Flare is a combination of C# and Rust components that are used by Seq

Choosing trade-offs

As a database, Flare only has three things to worry about:

  • Storing data on disk.
  • Removing data from disk.
  • Fetching data from disk.

Doing those things efficiently though, while also guaranteeing ACID properties (that is, atomicity, consistency, isolation, and durability), is actually very tricky! Even lightweight general-purpose embedded databases like SQLite are complex. Flare isn’t a general-purpose database though. To maintain performance and reliability within a manageable level of complexity, Flare takes advantage of some properties of log events in its design. Log events are:

  • immutable.
  • schema-less.
  • about 1Kb in size on average.
  • written with recent timestamps.
  • deleted with old timestamps.

We alluded to performance and reliability as constraints on Flare's design above, but there are others we have too:

  • Understandability. We're a small team with a lot of code to maintain. We need Flare to be understandable so we can quickly reconstitute the mental stack needed to work on it.
  • Supportability. Flare is deployed in environments we have no control over. We need it to be as robust as possible and give us plenty of insight into how it's running.

These properties together have lead to a design where data files can be initially appended to, but are eventually aged into an immutable format. Deletes are filtered copies into new data files.

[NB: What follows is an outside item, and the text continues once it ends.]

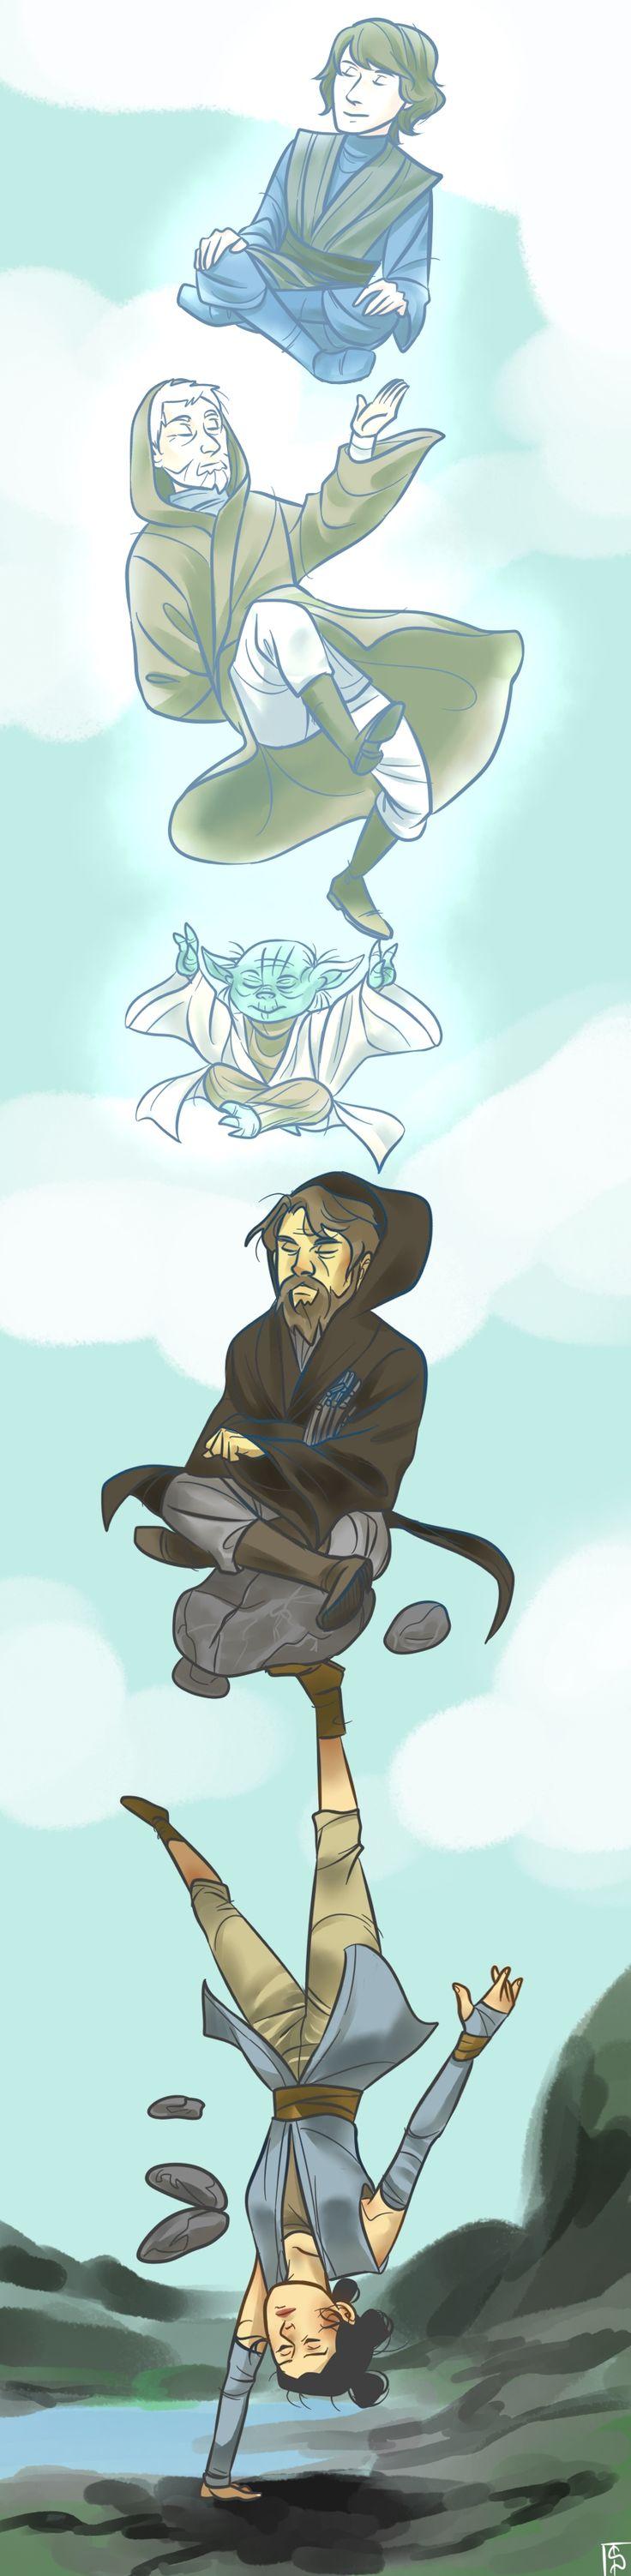 L'entraînement de Rey

There are some trade-offs in Flare’s design:

  • the database is tolerant of some historical and future writes, but regular random writes (such as applications logging using really skewed system clocks) have poor performance characteristics.
  • keys have to be slowly incrementing, so the only key that makes any sense is a timestamp.
  • there are no random deletes, and retention isn’t really a mechanism for quickly reclaiming disk space.

Transactions and state

Flare is transactional. It has three different kinds of transactions each with different capabilities for interacting with the state of the database:

  • Read transactions. These give access to the data files and can iterate through their log events. There can be any number of read transactions and they don’t block any other transactions.
  • Write transactions. These allow data files to be created, log events to be appended to them, and for those data files to be marked as read-only. There can only be one write transaction at a time.
  • Maintenance transactions. These allow immutable data files to be created and reshaped. They’re used for long-running background tasks. There can only be one maintenance transaction at a time.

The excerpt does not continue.